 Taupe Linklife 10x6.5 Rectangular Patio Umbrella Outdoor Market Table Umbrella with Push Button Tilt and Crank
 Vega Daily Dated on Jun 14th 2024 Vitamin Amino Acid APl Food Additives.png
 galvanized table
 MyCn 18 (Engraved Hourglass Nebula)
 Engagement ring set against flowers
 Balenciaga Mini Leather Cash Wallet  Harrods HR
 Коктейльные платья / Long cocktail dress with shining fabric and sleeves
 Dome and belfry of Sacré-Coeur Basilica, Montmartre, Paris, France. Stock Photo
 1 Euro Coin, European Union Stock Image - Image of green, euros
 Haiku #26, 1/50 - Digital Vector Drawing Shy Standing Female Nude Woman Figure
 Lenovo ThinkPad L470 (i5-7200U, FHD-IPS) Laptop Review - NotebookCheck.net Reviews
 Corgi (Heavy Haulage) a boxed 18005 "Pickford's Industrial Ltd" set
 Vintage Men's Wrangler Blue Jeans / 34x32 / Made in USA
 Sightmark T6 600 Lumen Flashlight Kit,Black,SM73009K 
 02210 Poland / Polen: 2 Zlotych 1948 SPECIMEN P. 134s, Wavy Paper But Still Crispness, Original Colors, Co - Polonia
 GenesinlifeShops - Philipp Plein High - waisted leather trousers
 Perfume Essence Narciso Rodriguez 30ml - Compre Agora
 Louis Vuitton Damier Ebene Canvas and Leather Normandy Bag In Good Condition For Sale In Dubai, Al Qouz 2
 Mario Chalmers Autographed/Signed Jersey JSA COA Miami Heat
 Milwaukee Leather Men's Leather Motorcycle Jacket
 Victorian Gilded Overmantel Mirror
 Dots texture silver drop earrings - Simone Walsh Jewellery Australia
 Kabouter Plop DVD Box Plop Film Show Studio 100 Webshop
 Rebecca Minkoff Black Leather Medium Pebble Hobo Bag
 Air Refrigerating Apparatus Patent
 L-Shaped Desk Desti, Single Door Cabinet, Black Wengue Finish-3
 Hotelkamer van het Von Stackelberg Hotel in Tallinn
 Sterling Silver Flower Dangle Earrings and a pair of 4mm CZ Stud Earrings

§

**REQUIRED WORK**
Search the entries for the string "with" and collect each line that has it.

**ANSWER AREA**
 Taupe Linklife 10x6.5 Rectangular Patio Umbrella Outdoor Market Table Umbrella with Push Button Tilt and Crank
 Коктейльные платья / Long cocktail dress with shining fabric and sleeves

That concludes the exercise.